Of course, such feedback is extremely valuable, but it can also come at a
cost. IMO, whether or not it is a good idea to ship early and often depends on
the "cost" of obtaining feedback.

For example, say you are developing a web-app for a sizable customer base and
it is easy to release intermediate releases and put it in front of a small
fraction of your potential customer base and obtain instant feedback. In this
scenario, your "cost" of obtaining feedback is negligible and I think it makes
all kinds of sense to ship early and often.

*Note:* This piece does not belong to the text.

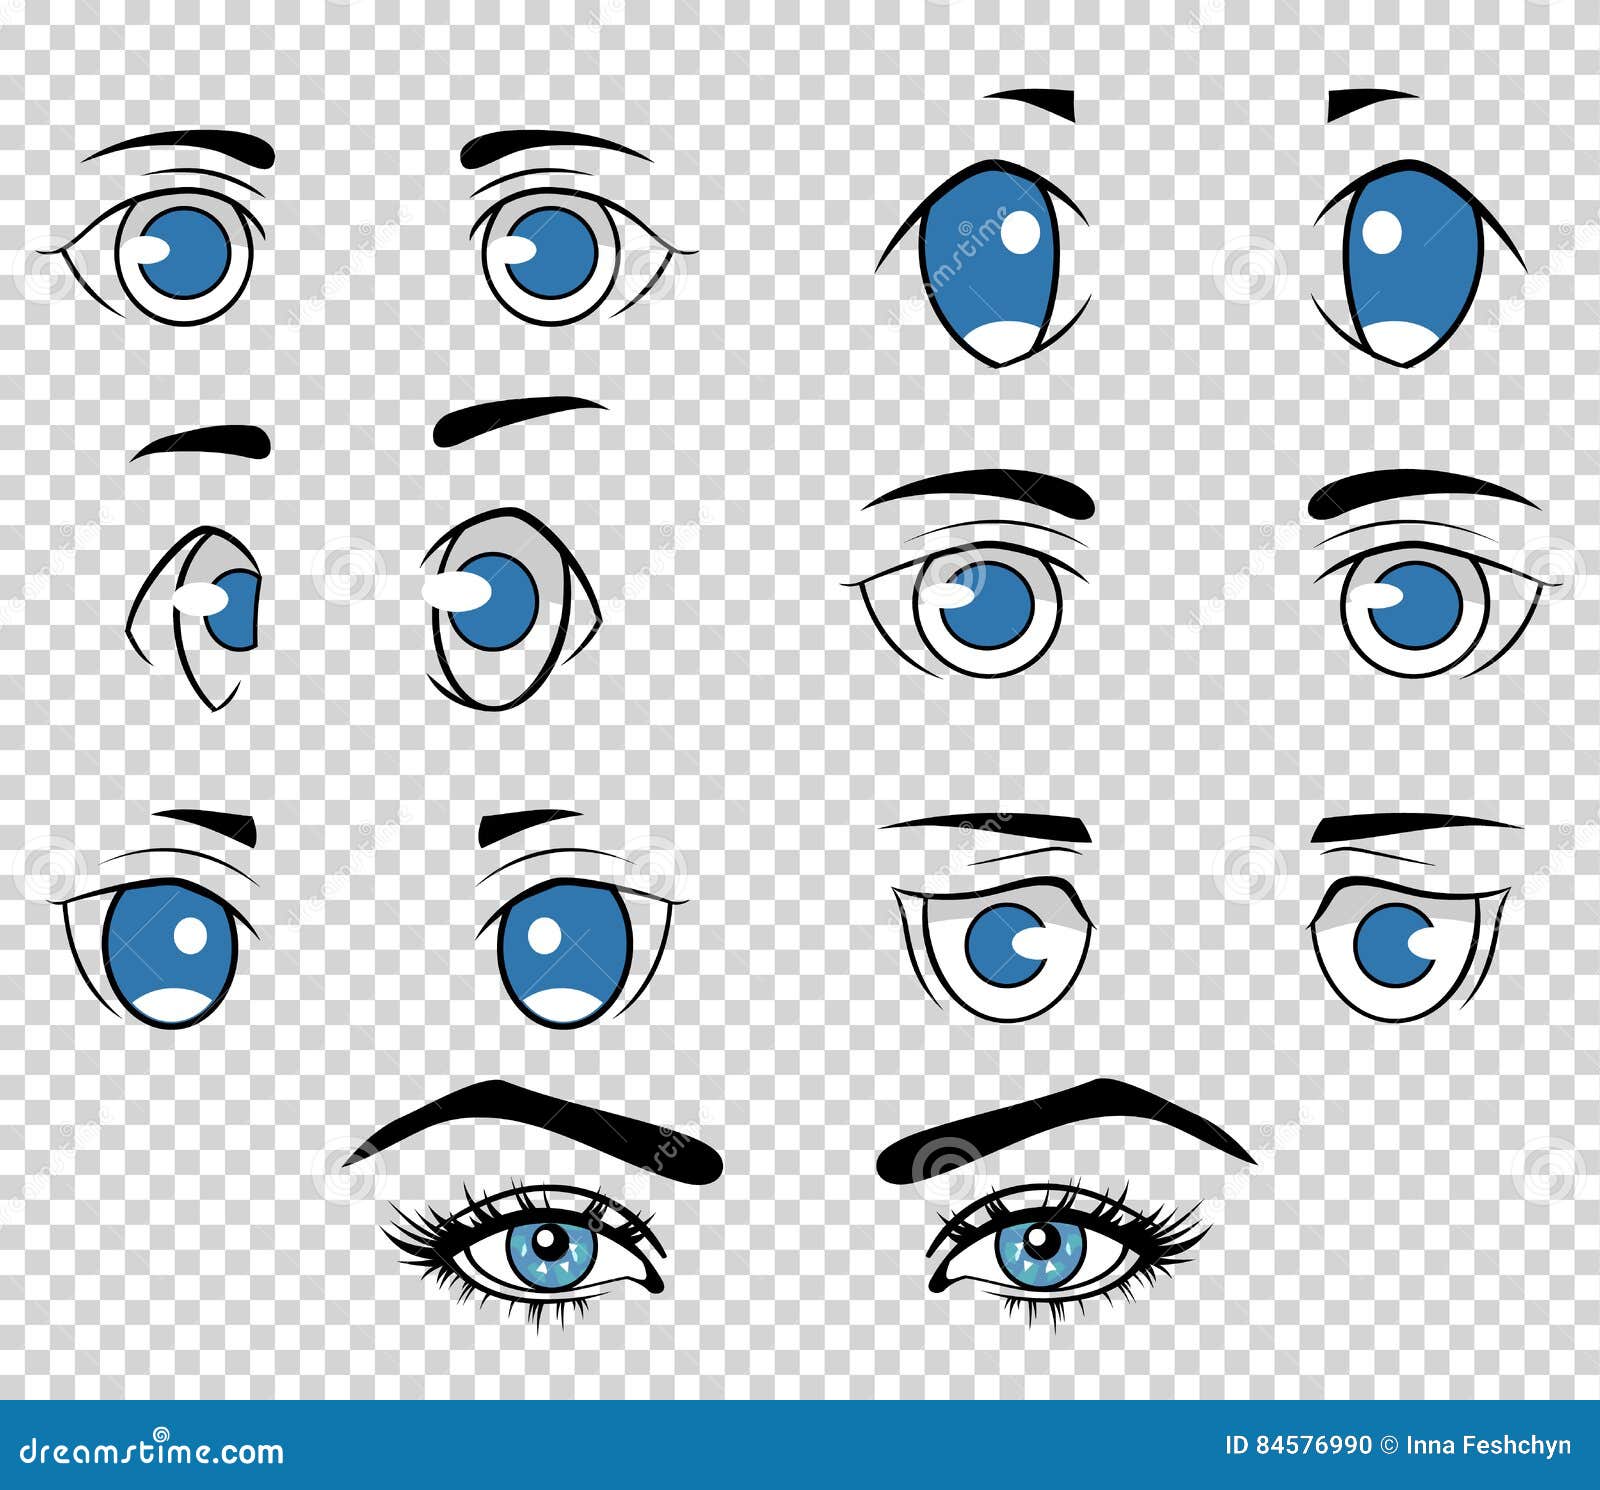 Creating an anime eye step-by-step using CLIP STUDIO PAINT by Akylha - Make  better art
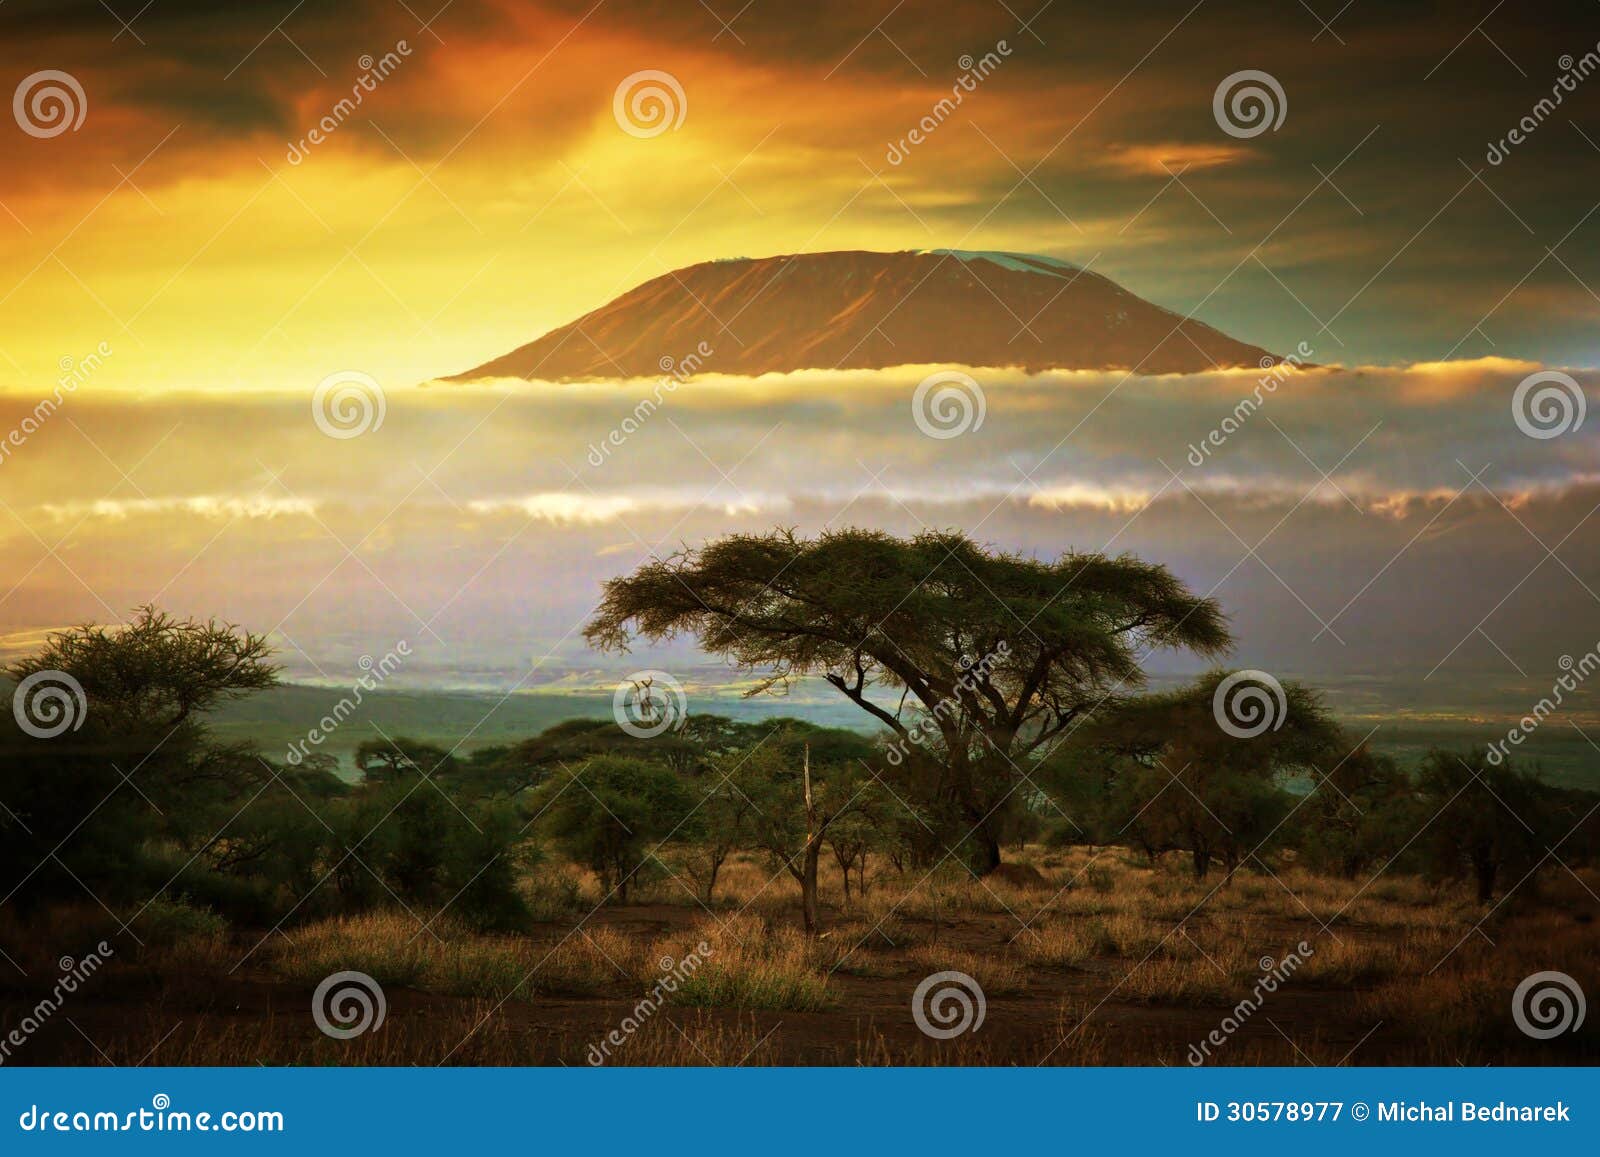 mount kilimanjaro. savanna in amboseli, kenya

However, consider another scenario (one that I am more familiar with). You are
developing software for a medical device, perhaps in a surgical setting. Your
chances to test this software with _actual_ customers (e.g. surgeons operating
on live patients) are extremely limited and costly to obtain. Not only that,
but surgeons (and doctors in general) have a low tolerance for time wasting
and may very well lose confidence in a product that is not thoroughly tested.
The confidence of your early-adopter surgeons, often key opinion leaders
(KOLs), in your target market is something you cannot afford to lose. In this
scenario, cost of obtaining feedback is staggering and shipping early and
often, to real-world customers, is almost impossible and wholly unadvisable. I
still recommend you iterate and test often in this scenario, but it must
happen internally.

------
codegeek
More than shipping fast, it is about getting something out there. I have been
stuck with a project which I should have frikin shipped a year ago. I am still
thinking about customer development instead of putting something out there and
getting the customer to validate :(. Need a kick in the butt desparately. So
yes, I say ship fast and ship now if you can.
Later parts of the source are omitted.